Hey all! I’m planning on heading over to Rio Salado Park to check on my traps to make sure they are still intact so I will update everyone on that next week (cross your fingers!!). This week was definitely short, though I can say I’m glad it is practically over. I had a Calculus and a Biology test, one after another so it feels good to put my flash cards back in their box, well… at least temporarily. What a better way to unwind than by going to the Wildlife World Zoo at Litchfield Park on Friday with all my S-STEM buddies! Can’t wait to see everyone!

 

Rio Salado Park

Unfortunately I missed lab on Monday I had some stuff I had to take care of for my biology class. So I went in on Tuesday to write up my research question and to develop my hypothesis for my leaf pack trap project. Originally I had planned to place traps in three different water locations that we had checked out last semester at Rio Salado Park. I was hoping to place one at the river and the other two, at two ponds near the river. Well, of course when I got there I realized the river had dried up so since I need to get the project started I had to make some last minute decisions. I decided to place all three in the same pond of which I found three different areas along the bank. The first was a very polluted area with dead trees and such, the second was several yards down and was clearer, the last one was on the other side of the pond that was the clearest of the three locations. There are several things I can test for so I’m going in on Friday to go over my protocol.

The pictures make it look much worse than it actually was

 

Clearest

 

Most polluted

 

 

What a busy Bee!

Last Friday (1/31/14) I went into lab and ran my extraction (Bee DNA) to make sure I actually got DNA. It was ran through electrophoresis gel and sure enough there was a bright yellow band (yaay!!). Monday I went into lab to run a Polymerase Chain Reaction (PCR), used to amplify a specific DNA sequence.

The DNA is apparent, however it did not migrate down the gel, which could be due to a number of reasons. To get a start the process of elimination, we decided to run the electrophoresis gel through a machine were we can control the voltage. In the meantime, I am planning on setting my leaf pack traps on Friday. I'm anticipating setting them at two different locations, one set will be at Encanto Park and the other at Rio Salado. PLEASE DON'T LET IT RAIN!!

Solution for PCR

As you can see there was no movement, however the bright bands indicate the presence of DNA.
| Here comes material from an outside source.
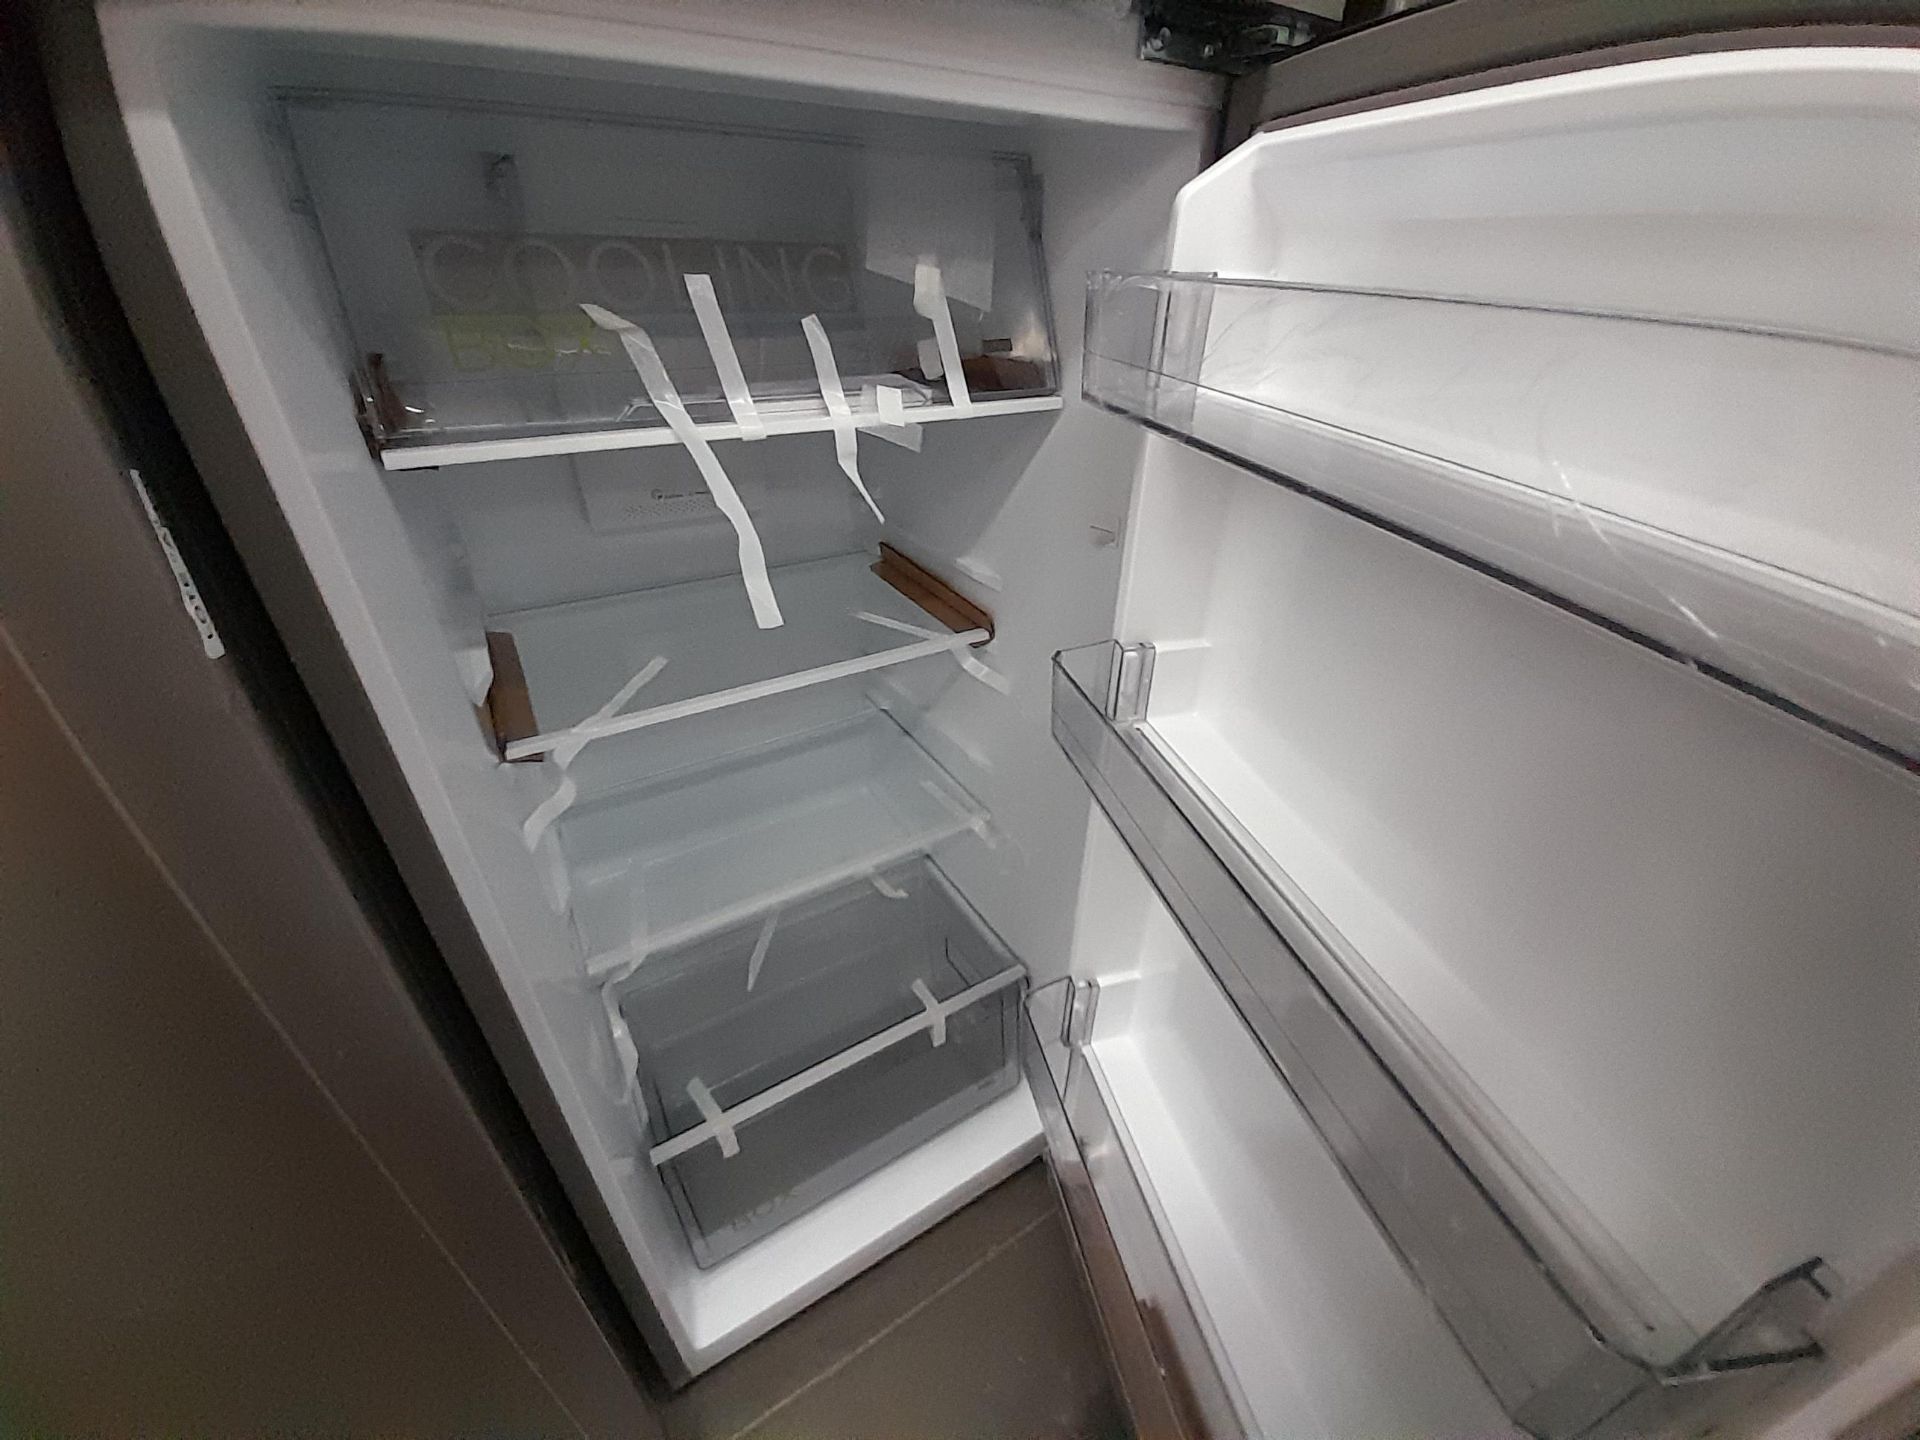 Lote de 2 refrigeradores Contiene: 1 Refrigerador Con Dispensador De Agua Marca MABE, Modelo RMA250 - Image 6 of 8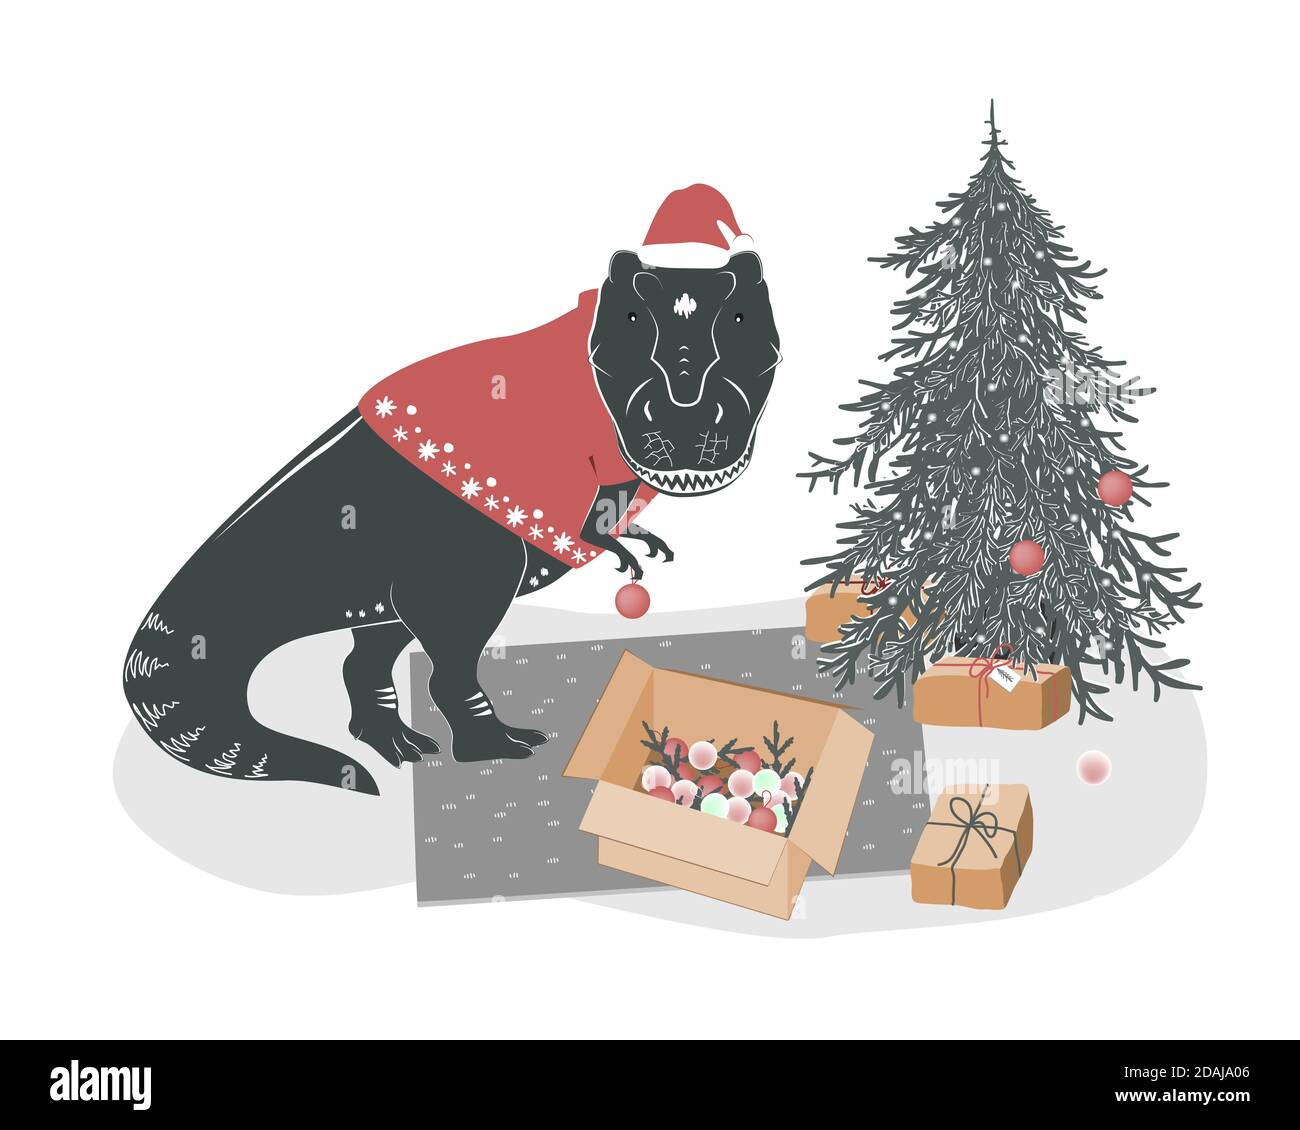 Niedliche junge T rex Dinosaurier Dekoration Weihnachtsbaum. Tyrannosaurus Weihnachten. Festlicher Winterdruck, Vektorgrafik Stock Vektor

The second run... I didn't have time to check it so I will  find out when I go in on Friday.

I'm BACK!

So the first official week back on the scene has been very productive. The plan is to pick up where I left off last semester with doing my leaf pack trap. Since this involves a lot of waiting, Matt and Josh suggested that I work on a side project so Monday I went into lab and started a new project. So far we decided that I would determine the genetic similarities of bees from different locations. Prior to this I had never done a DNA extraction, and especially not with some old dried bees. The first try was not a success ( I had messed up a few steps). Let’s just say I've learned to read, re-read and read again any protocol I’m going to be using in the future.  This is a picture of the fresh bee I did and extraction on on Wednesday.